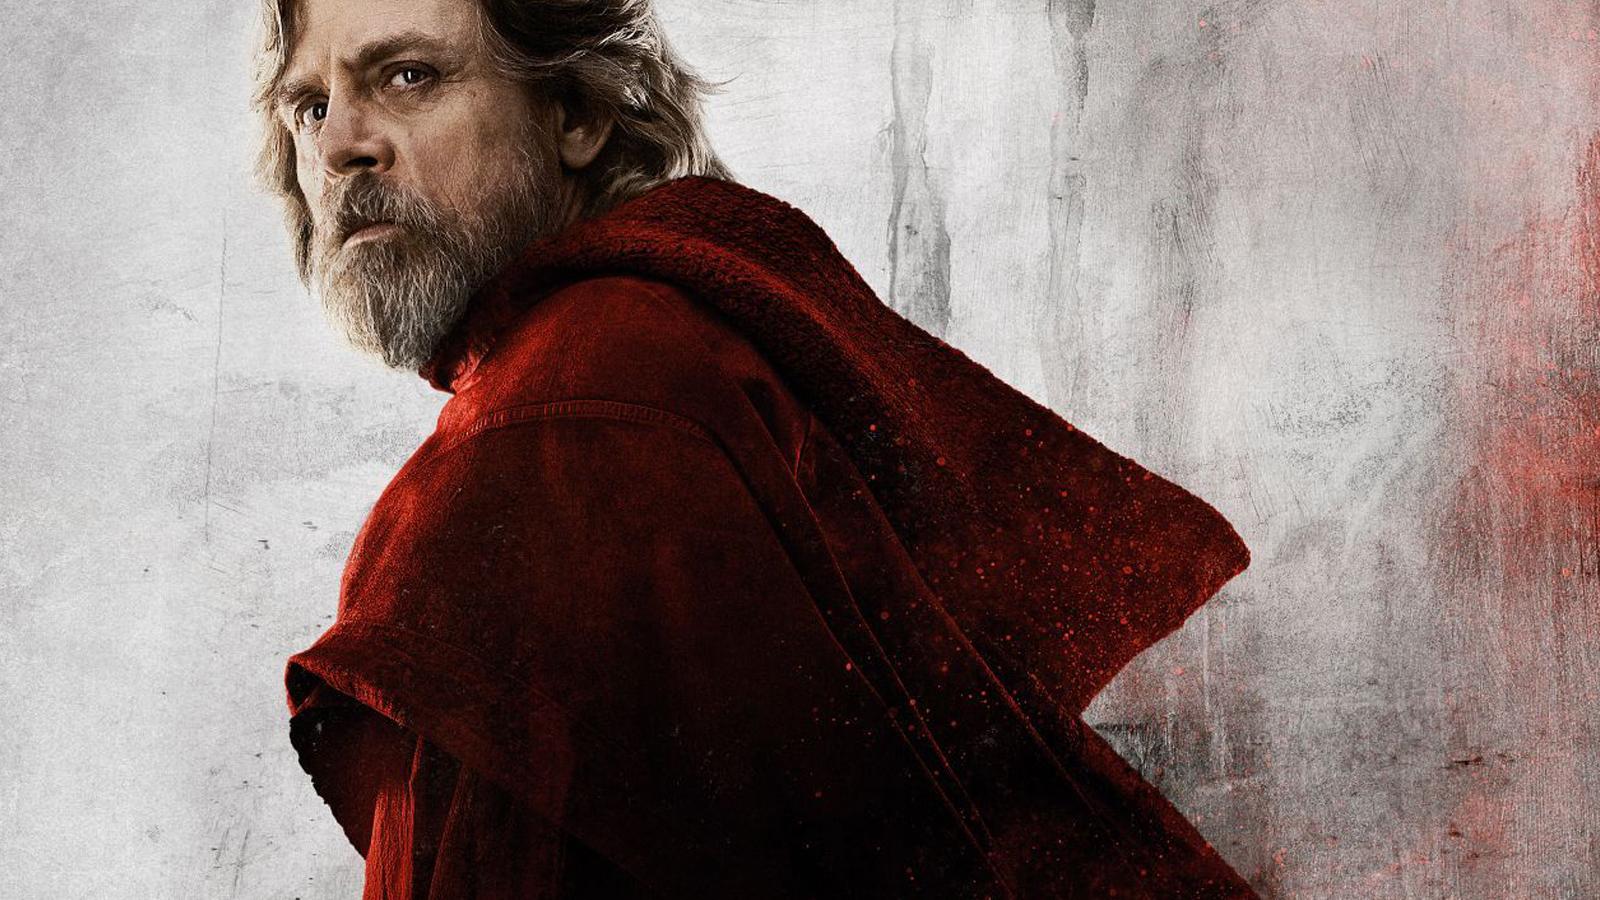 Poruka Marka Hamila Džedajskom pokretu: Divno je što Star Wars i dalje inspiriše ljude
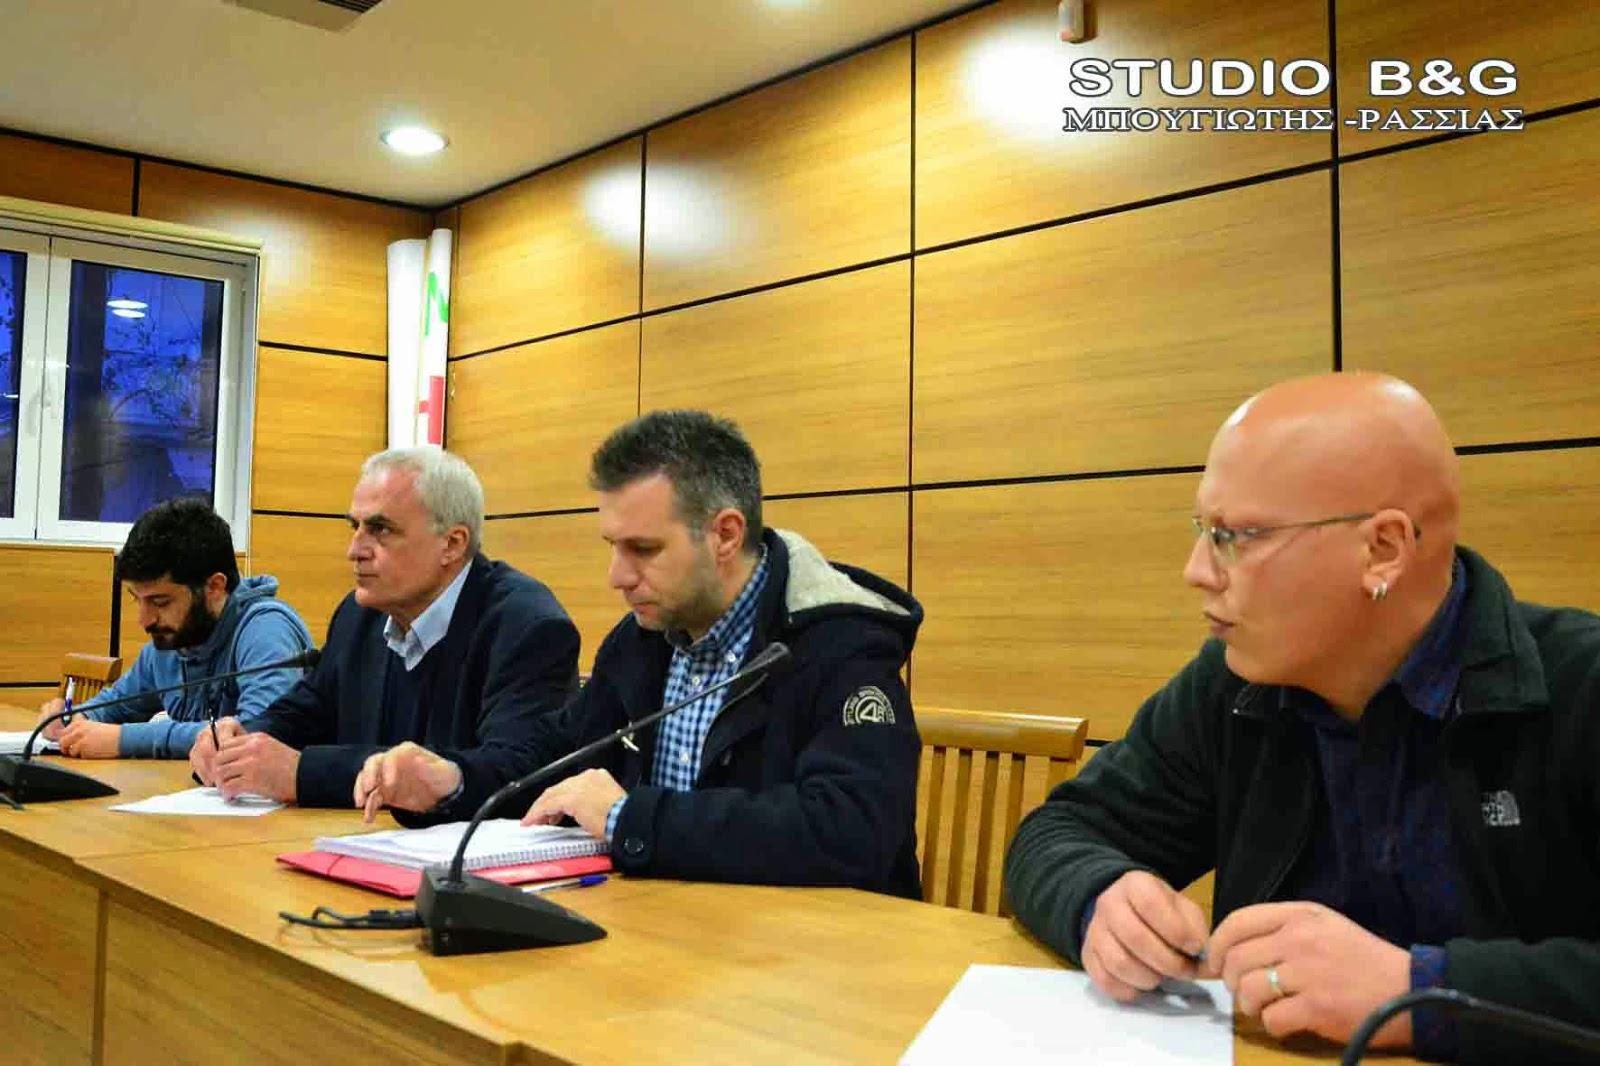 Συνάντηση  ΣΥΡΙΖΑ Αργολίδας και ΑΥΡΑ με τον Μητροπολίτη Αργολίδας Νεκτάριο.
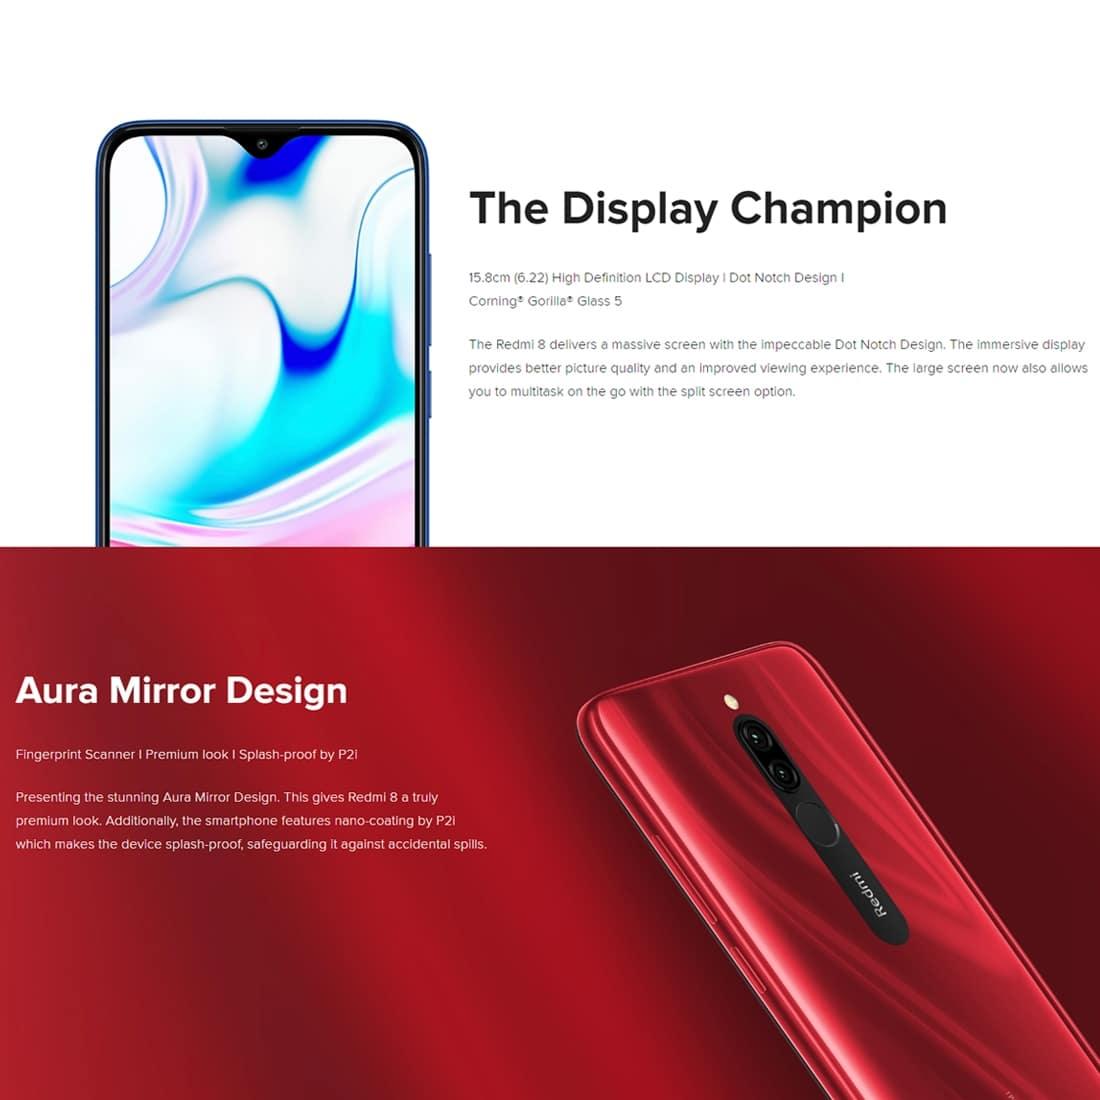 Xiaomi Redmi 8 Smartphone
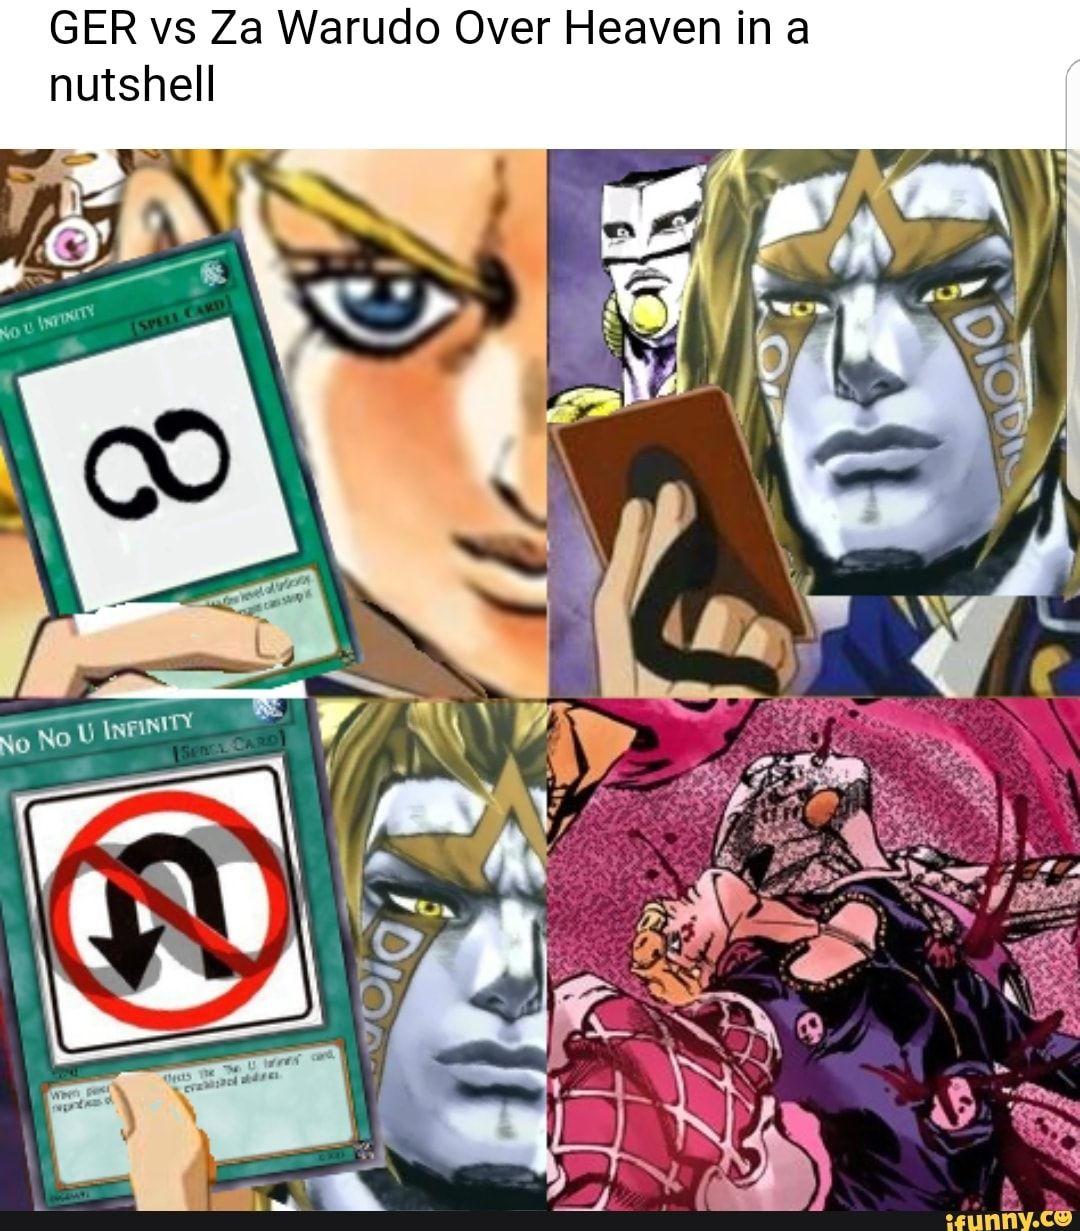 No Game No Life Ger
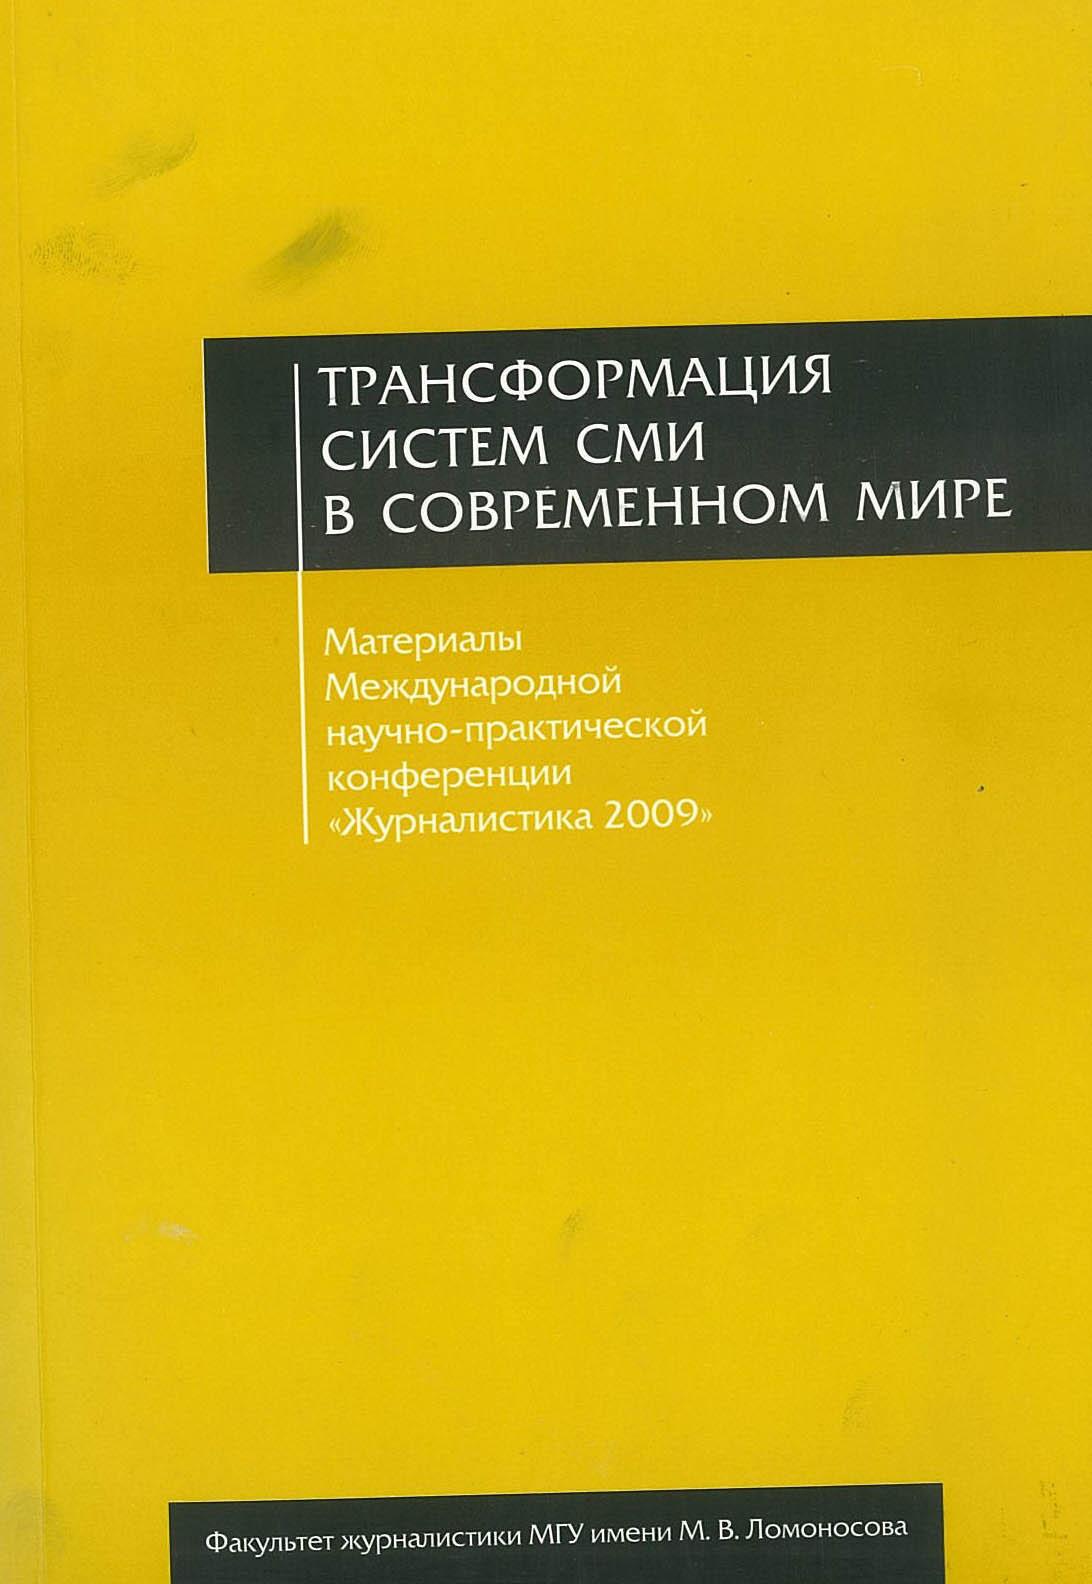 Журналистика в 2009 году: Трансформация систем СМИ в современном мире. Сборник материалов Международной научно-практической конференции
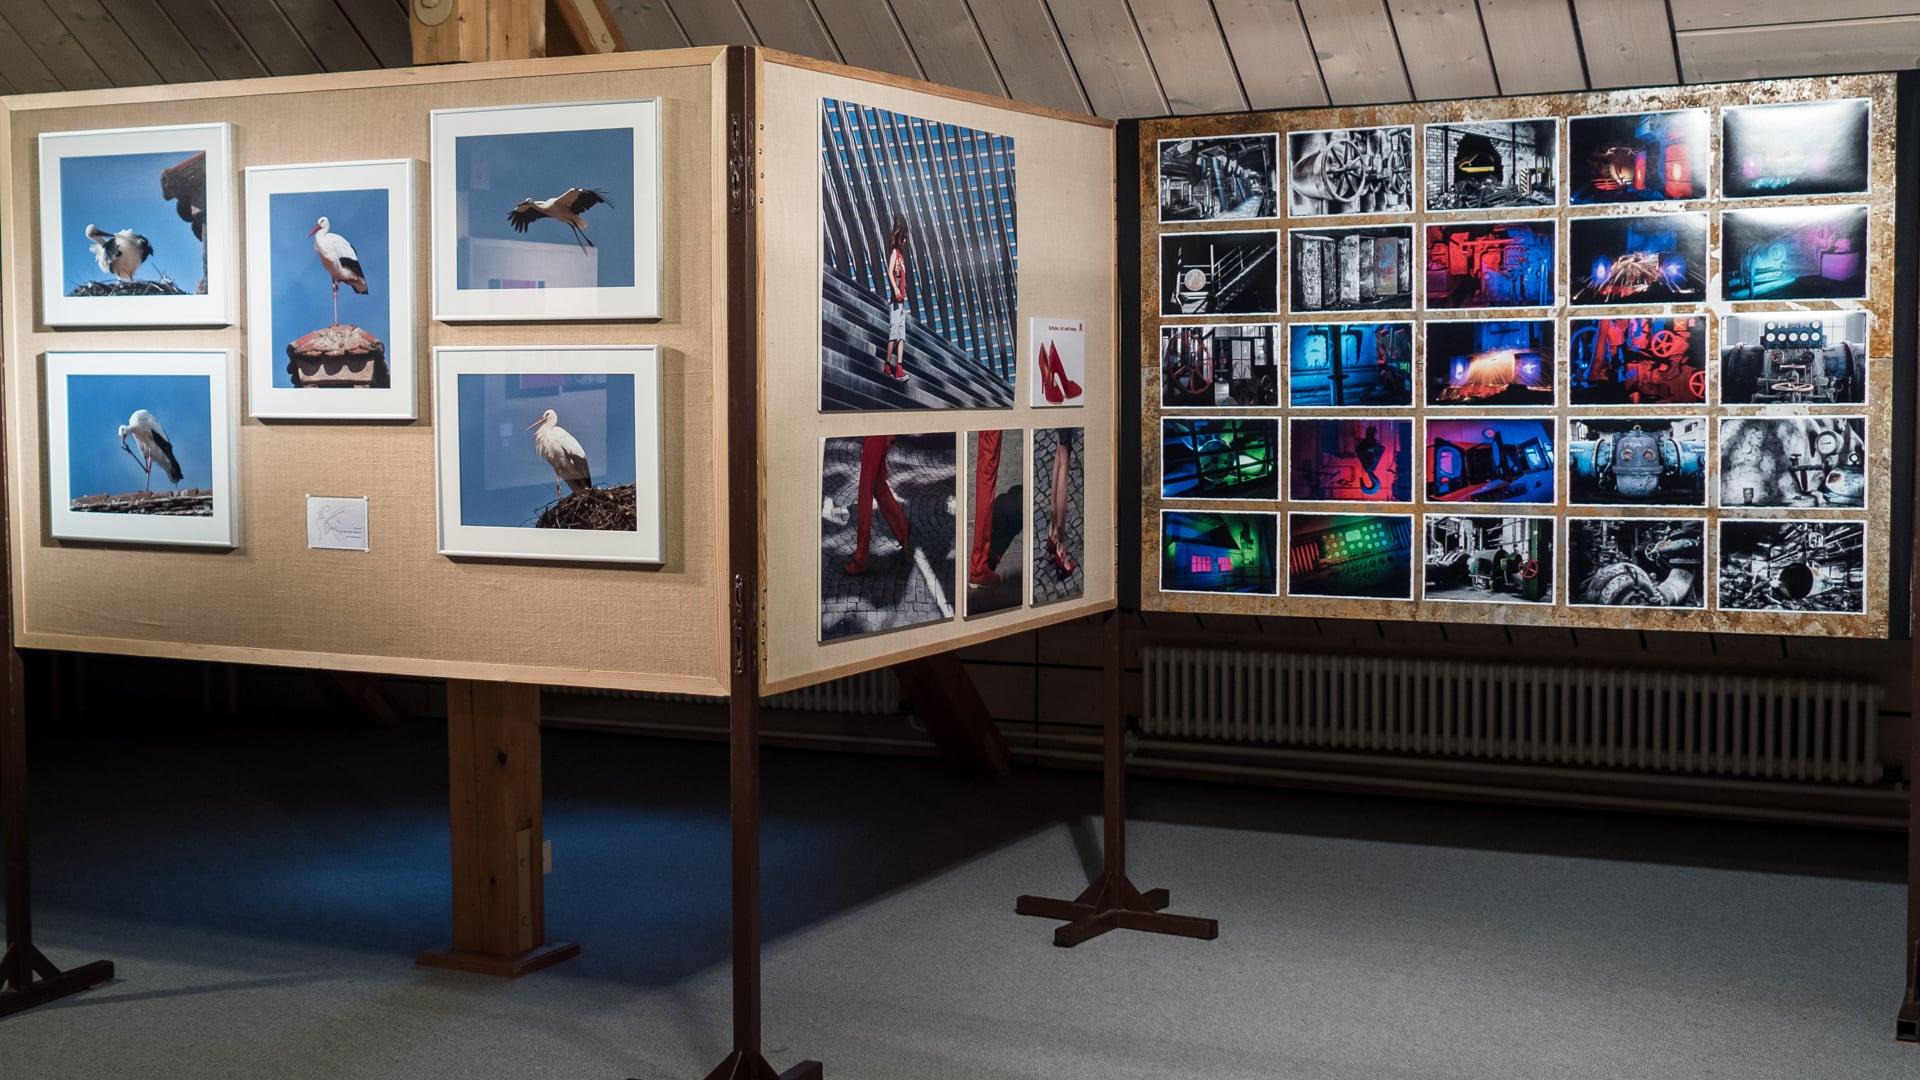 46. Herrieder Fotoaustellung – Ausschreibung

..............................

> [Directions for this task] Print the data above verbatim from the first line through the line holding "No Game No Life Ger", leaving every picture out.

> [Response]
 Poruka Marka Hamila Džedajskom pokretu: Divno je što Star Wars i dalje inspiriše ljude
 Συνάντηση  ΣΥΡΙΖΑ Αργολίδας και ΑΥΡΑ με τον Μητροπολίτη Αργολίδας Νεκτάριο.
 Xiaomi Redmi 8 Smartphone
 No Game No Life Ger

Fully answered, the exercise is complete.